By: Mike Thomas www.orlandosentinel.com
Urban sprawl can ruin the environment and our quality of life.
But could it also undermine our economy? There is growing sentiment among urban planners that cities are surrounding themselves with the slums of tomorrow. These are the outlying developments, many thrown up with reckless abandon during the housing bubble to feed speculator demand.In 2005, Florida cities and counties gave out a record 208,000 permits for detached homes, mostly out in the burbs of Central Florida and coastal cities.
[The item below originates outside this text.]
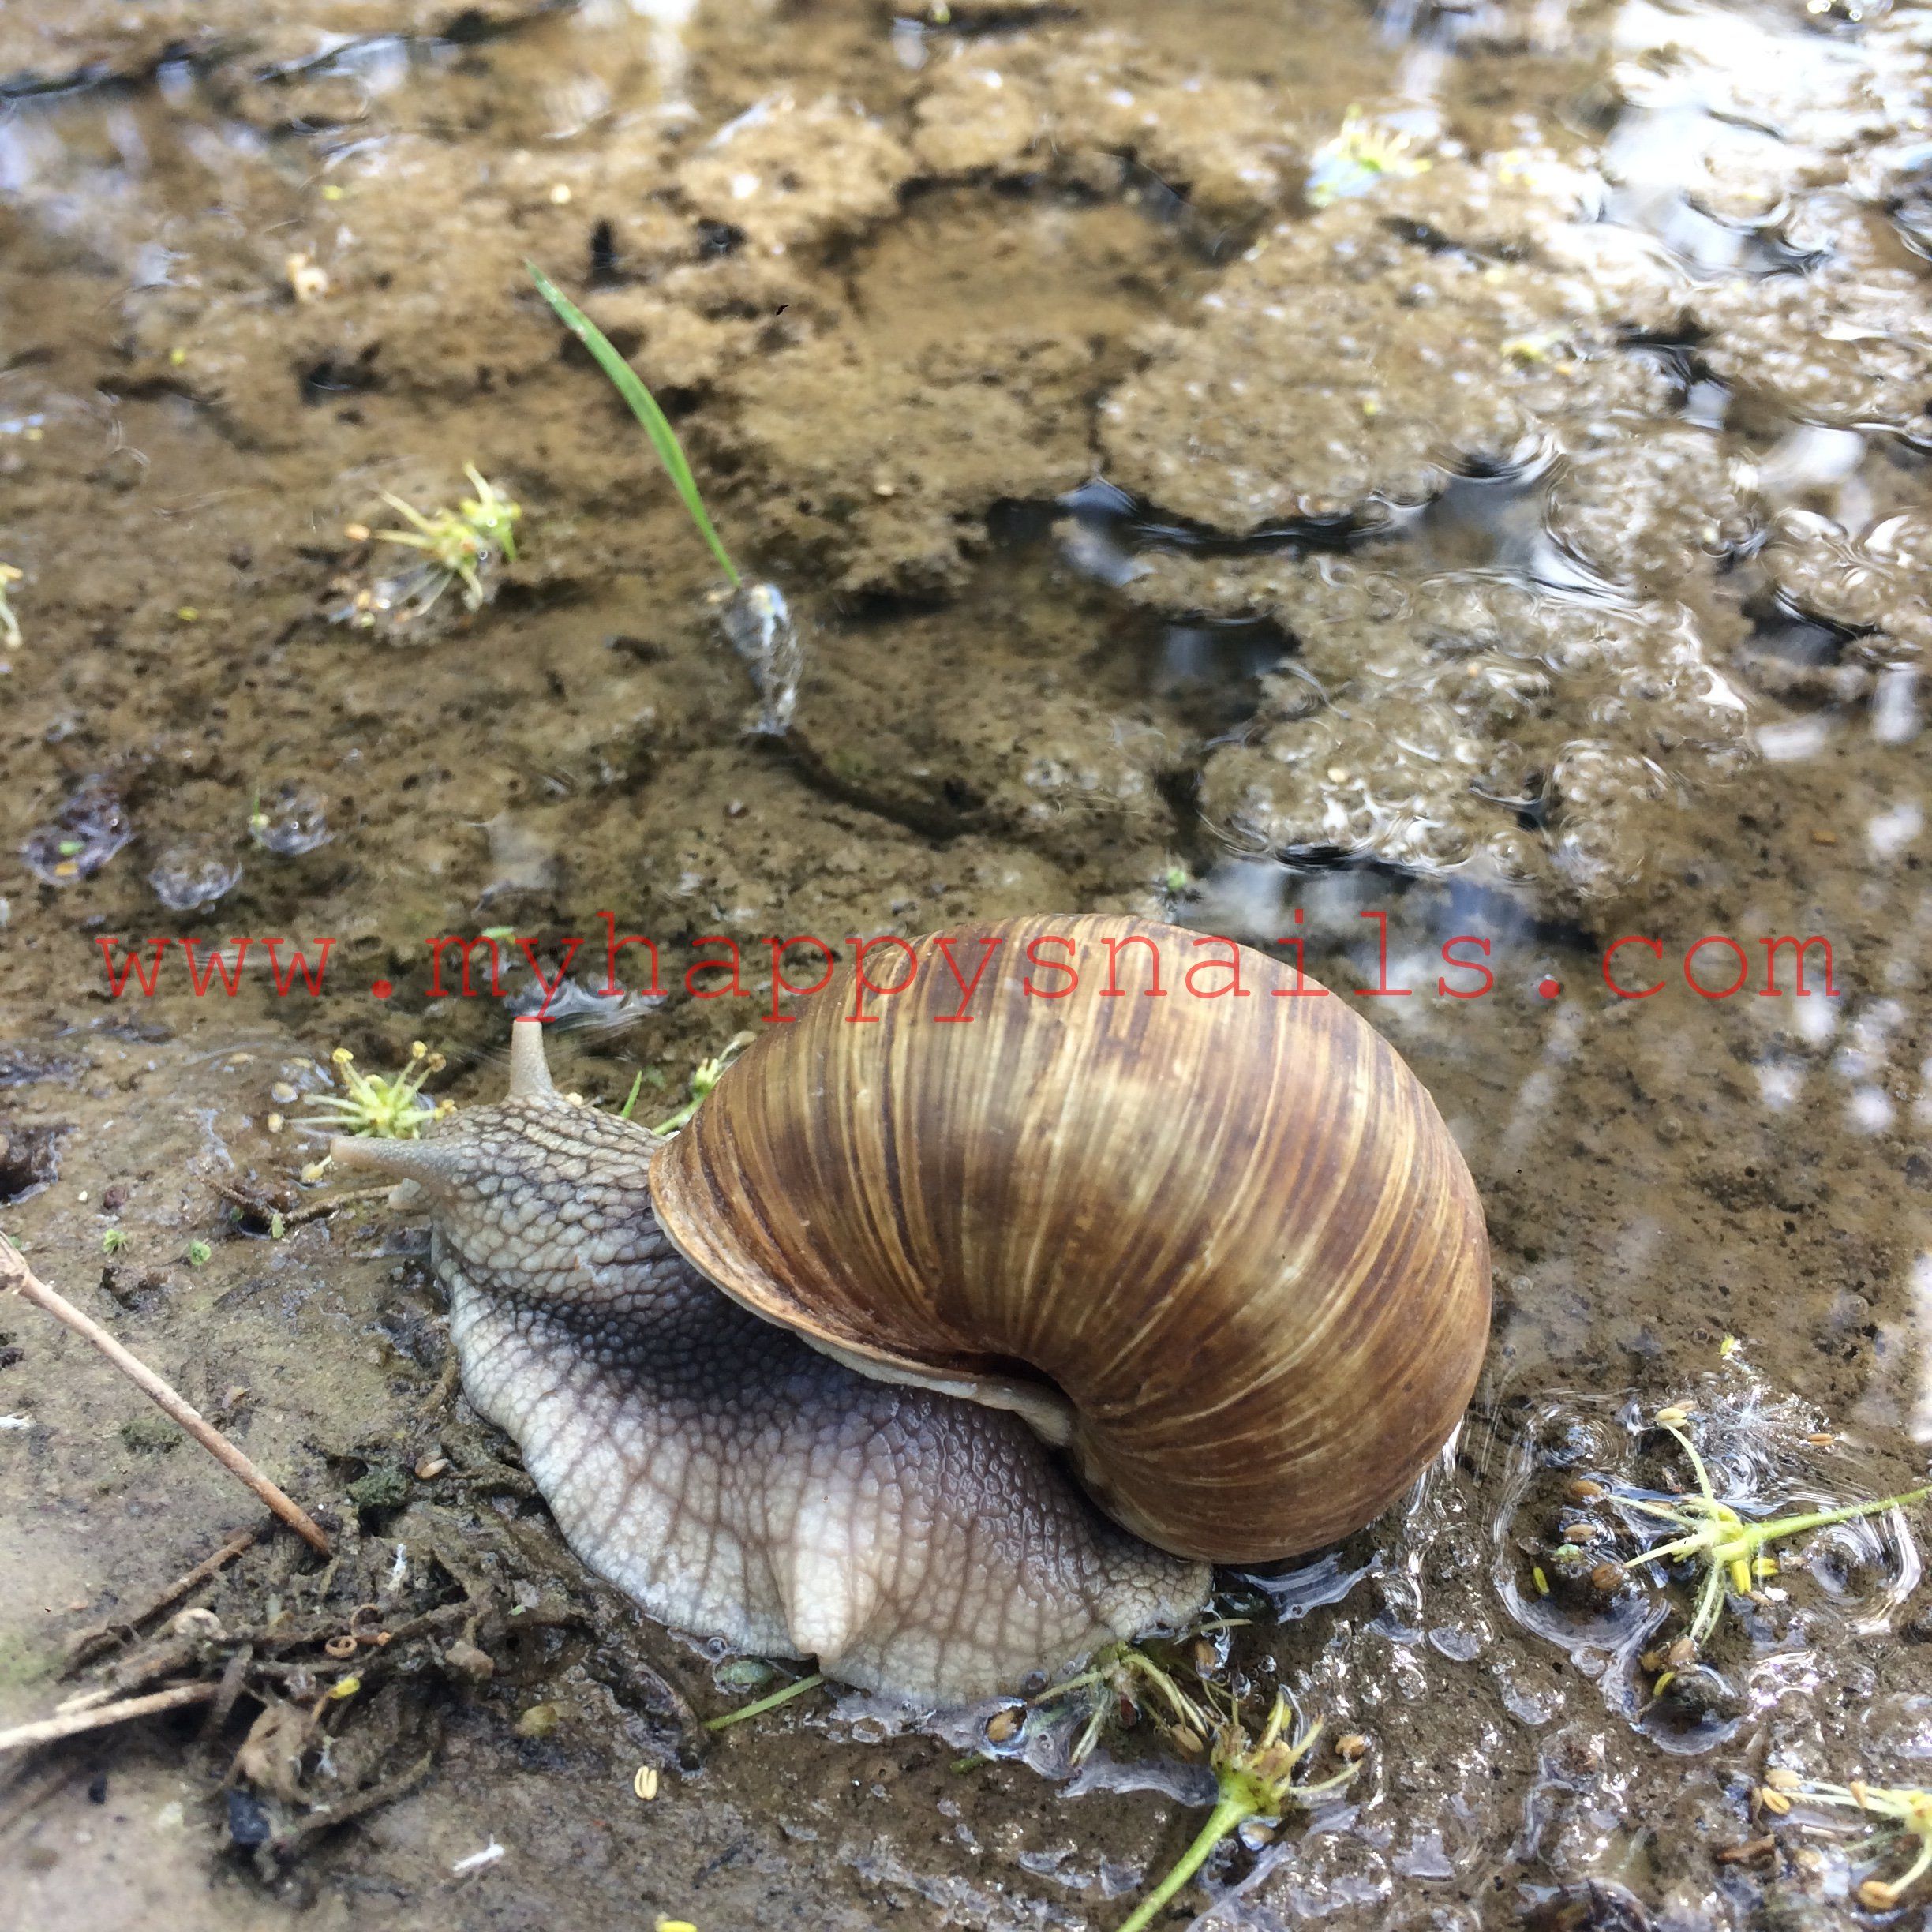 Big Roman snail - Helix Pomatia | Snails | Pinterest | Roman snail

These far-flung projects have been hit hardest by the plunge in housing values. Dropping prices can kick off a spiral of foreclosures, rentals and abandonment. A recent eye-opening piece in The Atlantic Monthly titled "The Next Slum?" picked examples of new subdivisions around Charlotte, N.C., Sacramento, Calif., and Florida's Lee County -- some with $500,000 homes -- falling into crime-ridden decay. As this happens, such developments bring in less tax revenue but require more services in the form of police patrols and code inspection.
Making matters worse, some demographic researchers think the current housing downturn simply exacerbates a long-term trend. As people age, they go from being homebuyers to home sellers. This means that with the impending retirement of the baby boomers, we are entering an era of more sellers in proportion to buyers.And the sellers will be selling suburban homes designed to raise children, while a growing percentage of buyers won't have children.
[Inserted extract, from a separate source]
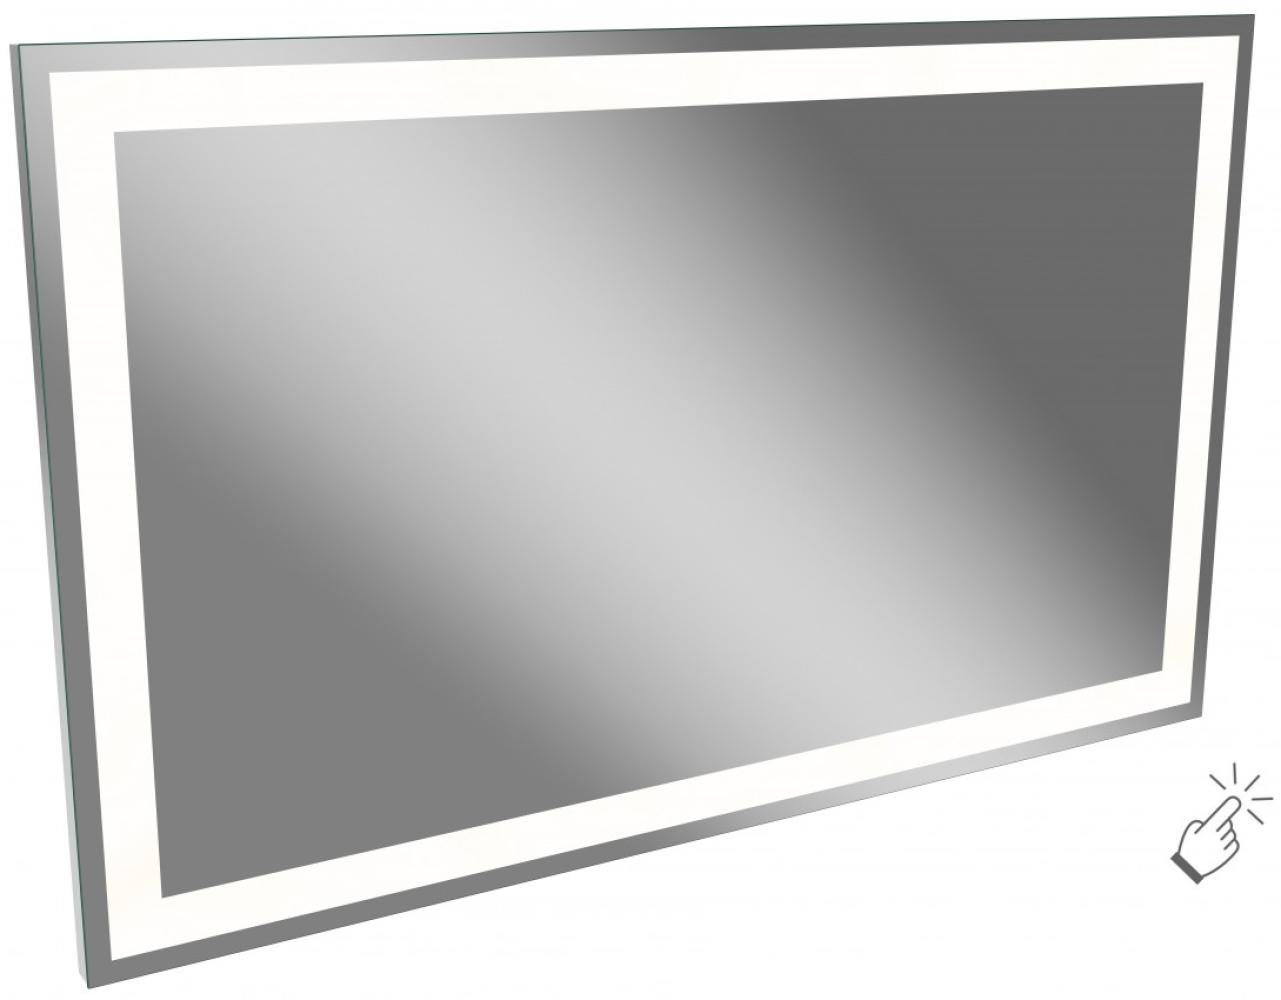 Lanzet P5 Spiegelelement 138 cm Bild 1

Arthur Nelson, director of the Metropolitan Institute at Virginia Tech, predicts a glut of 22 million "large-lot" detached homes by 2025, with large lot defined as one-sixth of an acre and up.Put another way: If we didn't build another house in the suburbs, we still would have too many of them 17 years from now. The home-vacancy rate in Central Florida is a staggering 7.4 percent, by far the highest in the nation."For Sale" signs are multiplying on the urban fringes, along with unkempt yards."There are more empty houses the farther out you go," says Jack Connor of Alliance Appraisal & Consulting Services. "I was down in Kissimmee, at a development on Lake Toho, and it is a ghost town."Empty downtown condos have become a housing-bubble poster child. But the glut in the outlying burbs is the real time bomb.
Sprawl supporters say these areas provide affordability. But the Charlotte Observer recently reported that starter-home subdivisions there are most prone to problems. Virginia Tech's Nelson notes we have mitigating factors in Florida. Growth has stalled, but history says it will resume, making us better able in the long term to soak up excess housing inventory. And given our narrow peninsula, the suburbs here are denser and not as far-flung as they are around Sacramento, Atlanta and Charlotte. But getting to long-term stability will require short-term survival. We need aggressive police and code enforcement in at-risk subdivisions. If they tip into a state of decay, they may never recover, and new growth will pass them by. We also need a hiatus on developing outside urban service areas. It's past time to stop moving out and start filling in. But Florida politicians never say no to developers. Not even the possibility of a looming crisis will change that.